**Analysis for Challenge 4**

Centrifugal force is given by

Force = mv^{2}/r

But force is also given by

Force = ma

where a is acceleration. For purposes of this discussion, a = g. Then we can write

mg = mv^{2}/r

We can cancel out the mass, and recognize that r must be the radius of the earth at the equator. r varies of course, but a quick look at Wikipedia indicates that the average radius of the earth is 3956.5 miles. g is about 32.2 ft/sec^{2}. Thus, we can write

32.2 ft/sec^{2} = v^{2}/(3956.5 miles)

Rearranging terms allows us to solve for v, as follows:

v = √[(32.2 ft/sec^{2})(3956.5 miles)]

v = √[(32.2 ft/sec^{2})(1mile/5280ft)(3956.5 miles)]

v = 4.91 miles/sec

This, of course, is equatorial velocity at *Condition 0*. We can now determine the length of a “day” at *Condition 0 * by dividing the circumference of the earth by equatorial velocity.

T = “day” = 2πr/v

T = “day” = 2π(3956.5 miles)/(4.91 miles/sec)
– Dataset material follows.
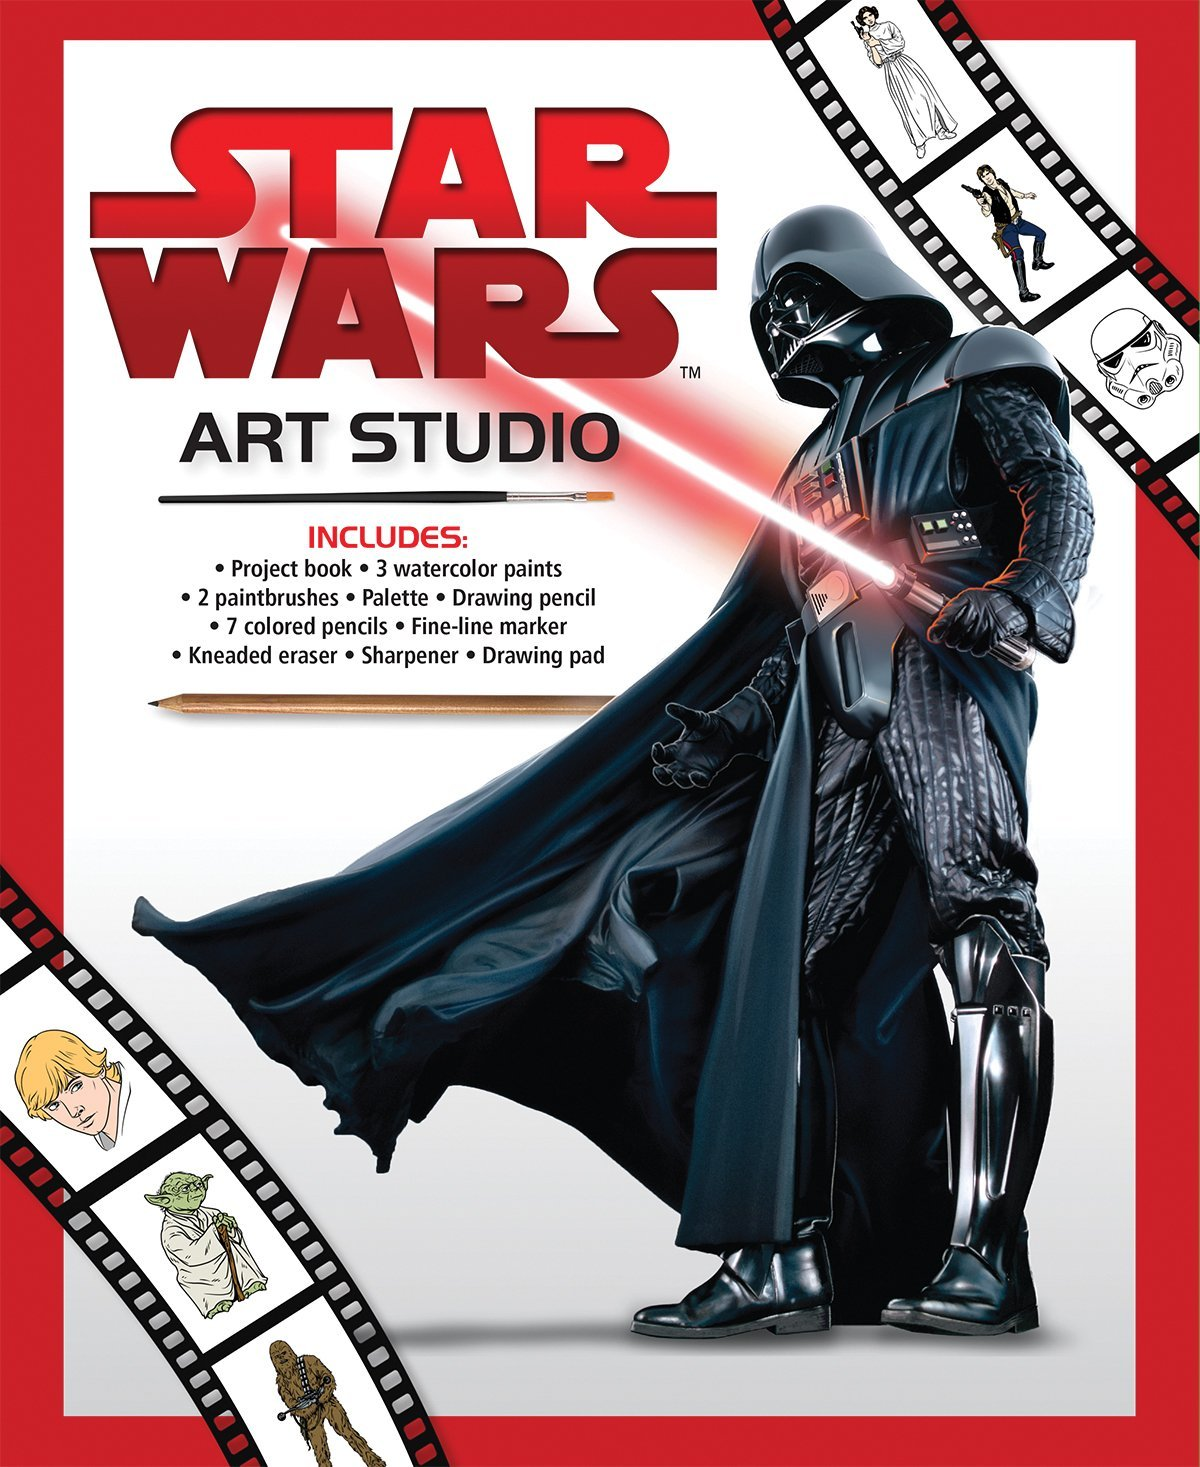 Star Wars Art Studio | Wookieepedia | FANDOM powered by Wikia

T = “day” = 5060.7 seconds

T = “day” ~ 1.41 hours

So, the circuitry must deliver a burst once every 1.41 hours. (Note: This time may be verified by doing an Internet search for “weightlessness at the equator”.)

The frequency, f, is given by

f = 1/T

f = (1/1.41H)(1H/3600s)

f = 197 µHz**Determining the DC Charging Current**

v = (1/C)**∫**idt

In this case i will be a constant, I_{charge}, so we can write

v = (I_{charge}/C)t

I_{charge} = vC/t

v is known, C is known, and t is known, so we have

I_{charge} = (2.5V•0.001F/1.41Hr)(1Hr/3600s)

I_{charge} = 0.49μA